Epithelial regeneration mechanisms after shedding operate promptly to restitute barrier functions in vivo. Even at denudation, the naked but intact basement membrane will be promptly covered, first by a plasma-derived fibrin-fibronectin net and with continuously by fresh plasma and leukocytes. This cover is a coarse physical and highly potent biological barrier. Furthermore, it provides a milieu in which all types of epithelial cells bordering the denuded area dedifferentiate into speedily migrating regeneration cells, which are tethered together. In the likely event of quite patchy denudation in vivo, a cellular barrier will thus speedily replace the provisional plasma-derived barrier, leaving little opportunity for increased absorption of inhaled molecules. However, the regeneration sites are also inflammatory and remodeling hotspots, suggesting the possibility that exaggerated epithelial regeneration at multiple denudation sites contributes to development and worsening of asthma.

The basic features of airway plasma exudation indicate that it has roles in first-line defense on the surface of the intact mucosa in health and disease. Hence we need to know further details of the involved mechanisms and how their in vivo functions fare in comparison with other defense mechanisms operating at the mucosal surface, including mucus secretion and AMP production.

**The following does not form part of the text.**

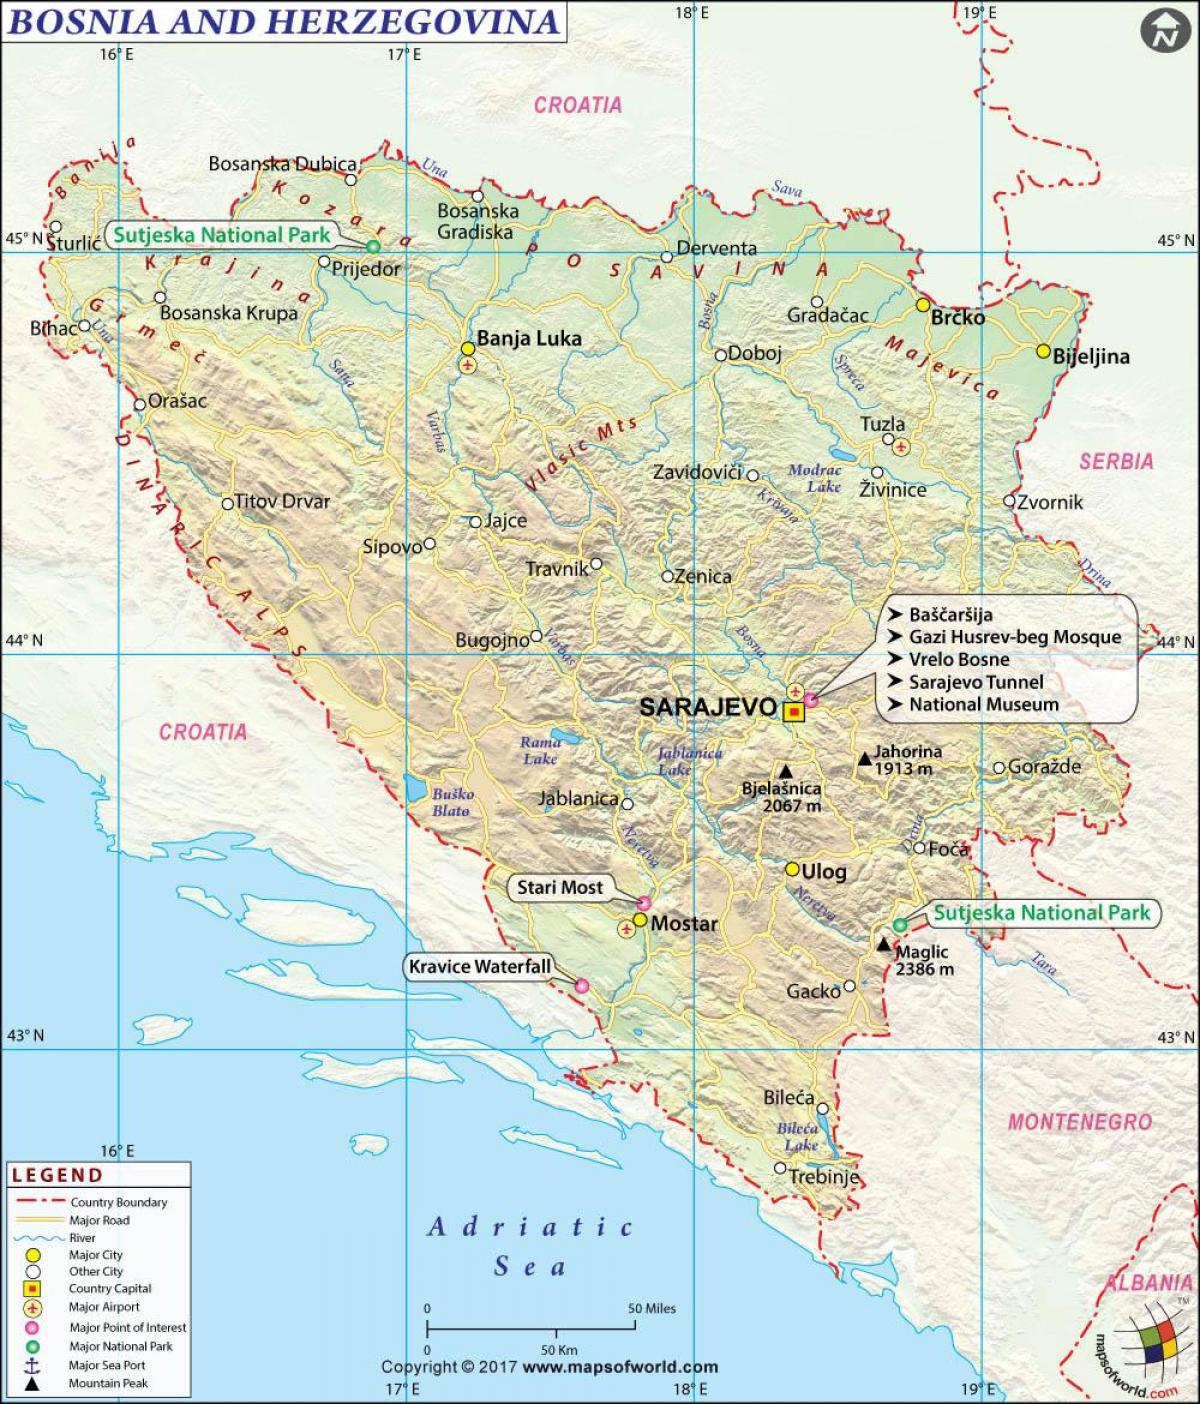 बोस्निया हर्जेगोविना के नक्शे
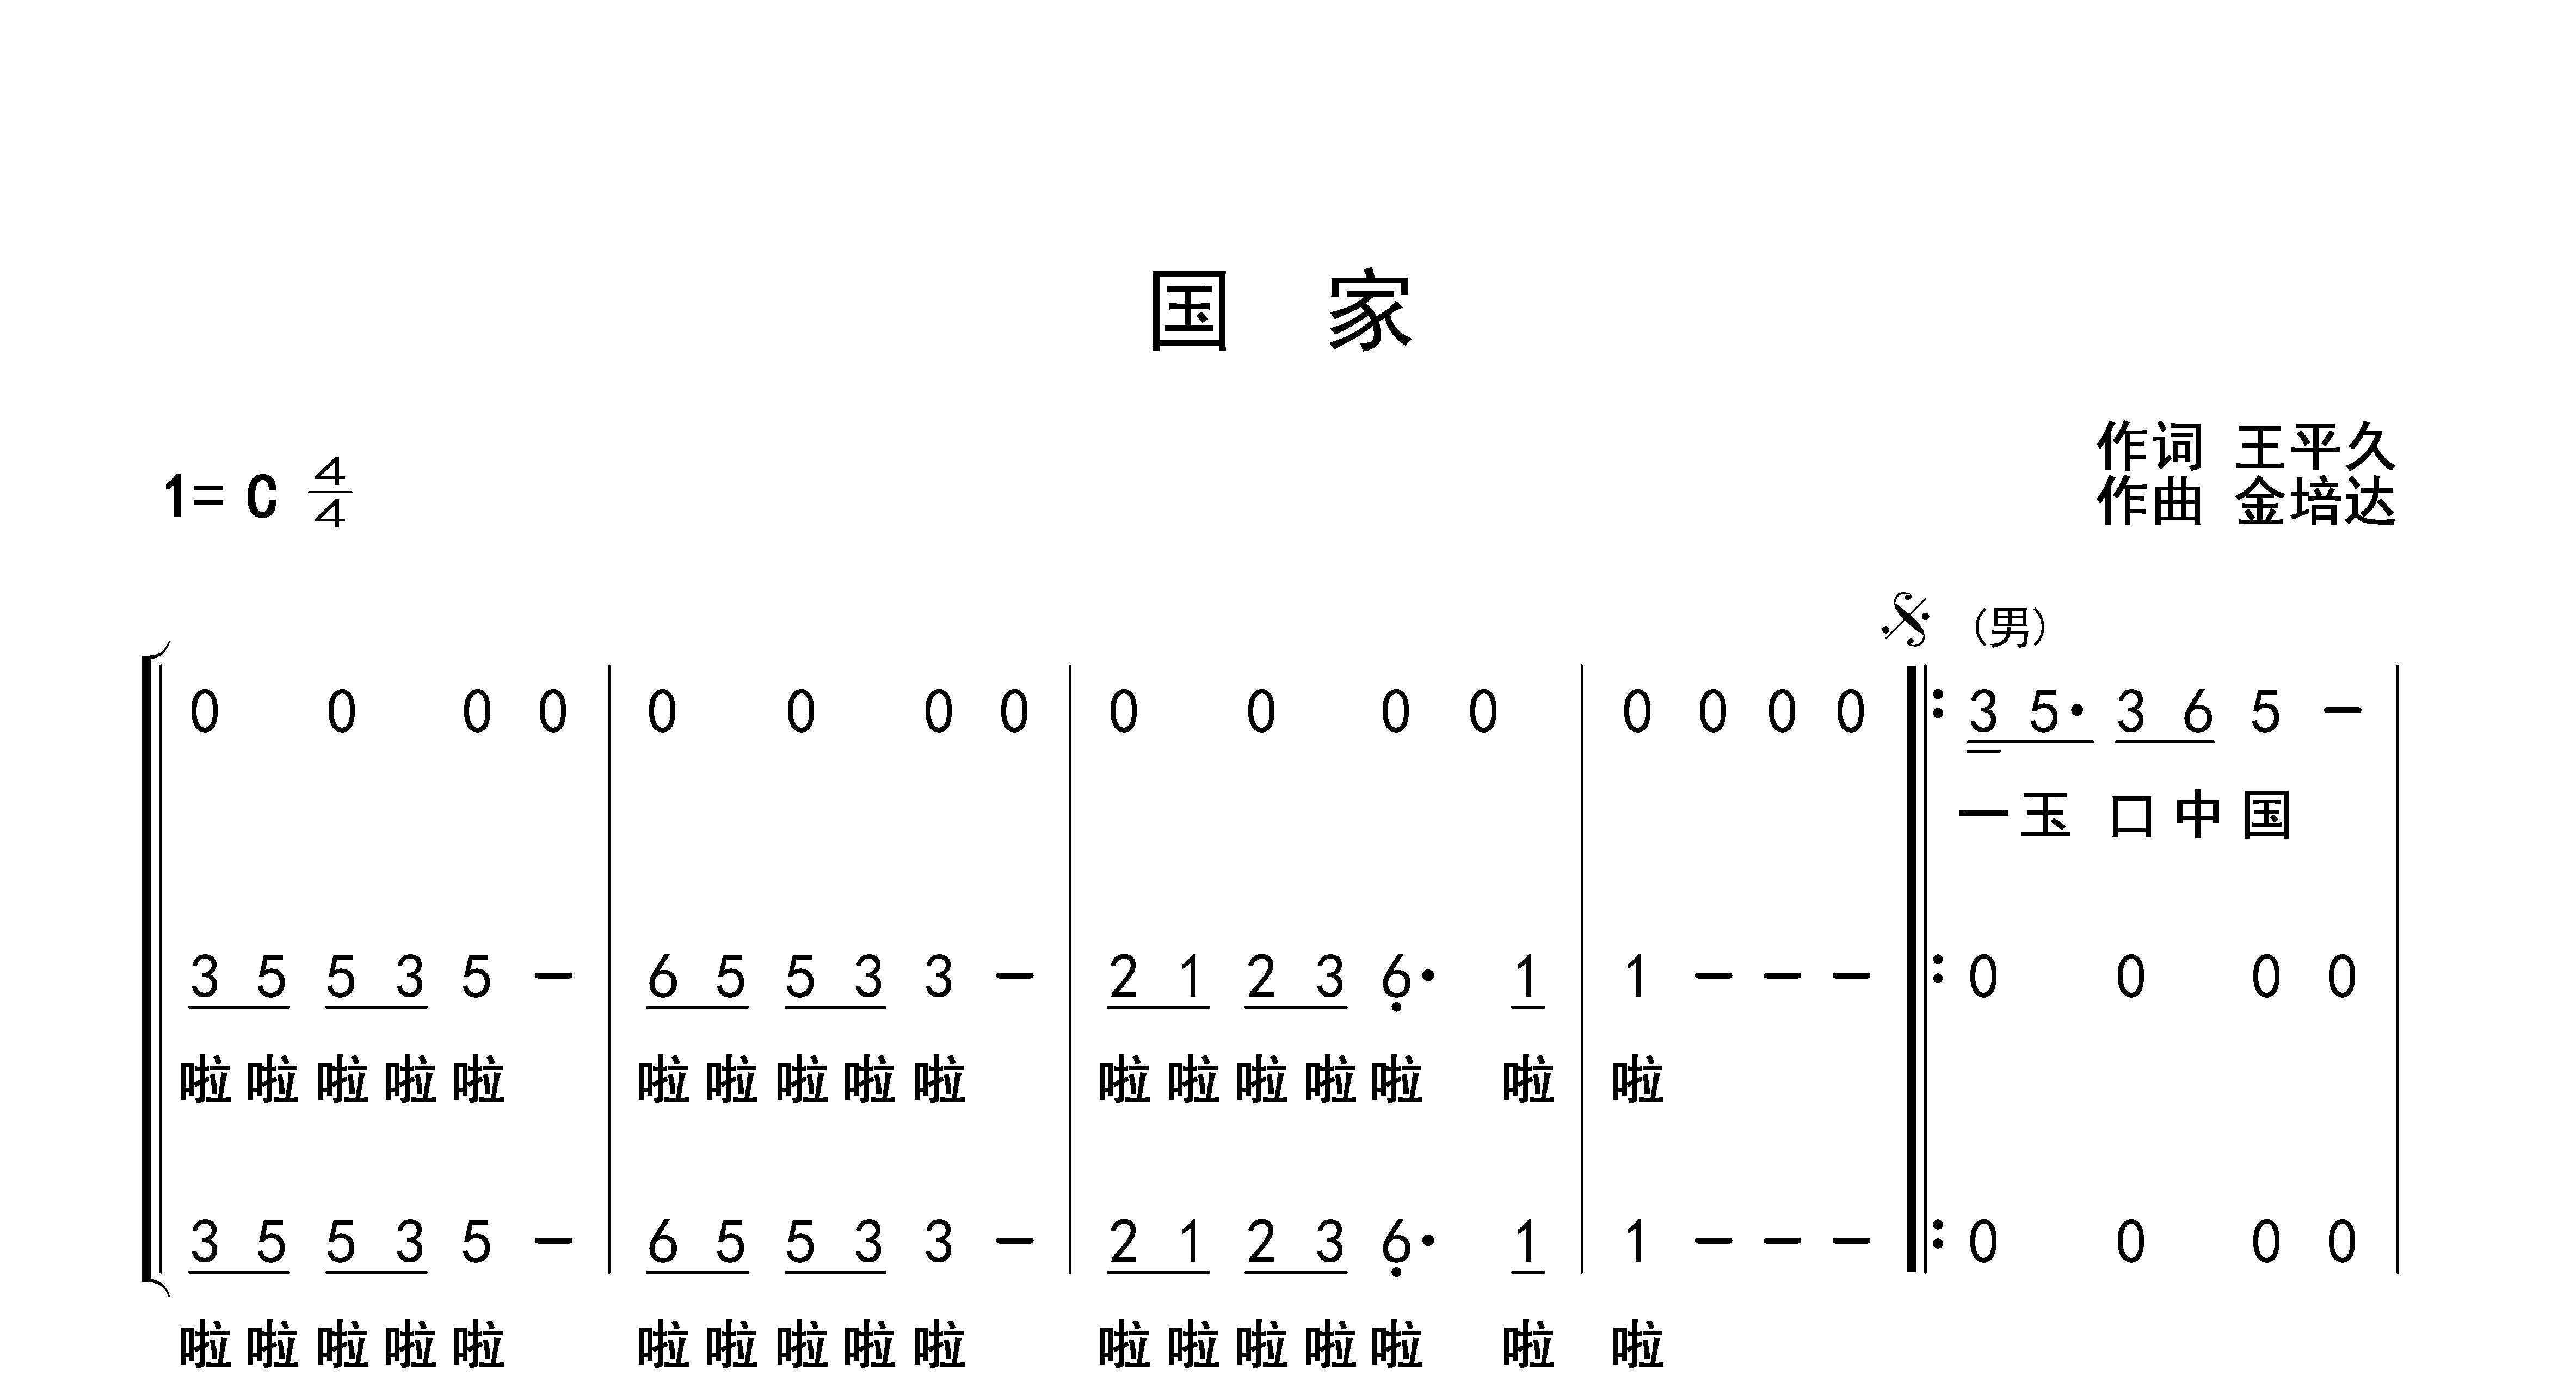 非常优秀 北京市少年宫合唱团二声部合唱谱 歌谱简谱

We need to define in detail several additional features of plasma exudation in asthma, as summed up by the following questions: To what extent does plasma exudation actually occur? Is there an exudative hyperresponsiveness to challenge with microvascular permeability agents? To what extent does exuded plasma contribute to airway plugs? What is the relative contribution of cell-derived versus plasma-derived proteins in asthmatic patients, including coagulation and complement molecules? On that note, is plasma exudation an “all-in” defense/disease mechanism or are there conditions when individual plasma protein systems are selectively activated?

Plasma exudation in response to asthma-like epithelial denudation is distinguished by means of sustained occurrence, providing both physical and biological protection. We need to know what plasma-derived molecules are essential for epithelial regeneration and whether any cell-derived molecule is also essential in this process in vivo. We need to know the extent of patchiness of epithelial denudation and how we can define such hot spots in asthmatic patients. How do inflammatory and remodeling responses evoked by epithelial regeneration events fare compared with other such mechanisms in vivo at asthma inception, asthma development, and asthma exacerbation?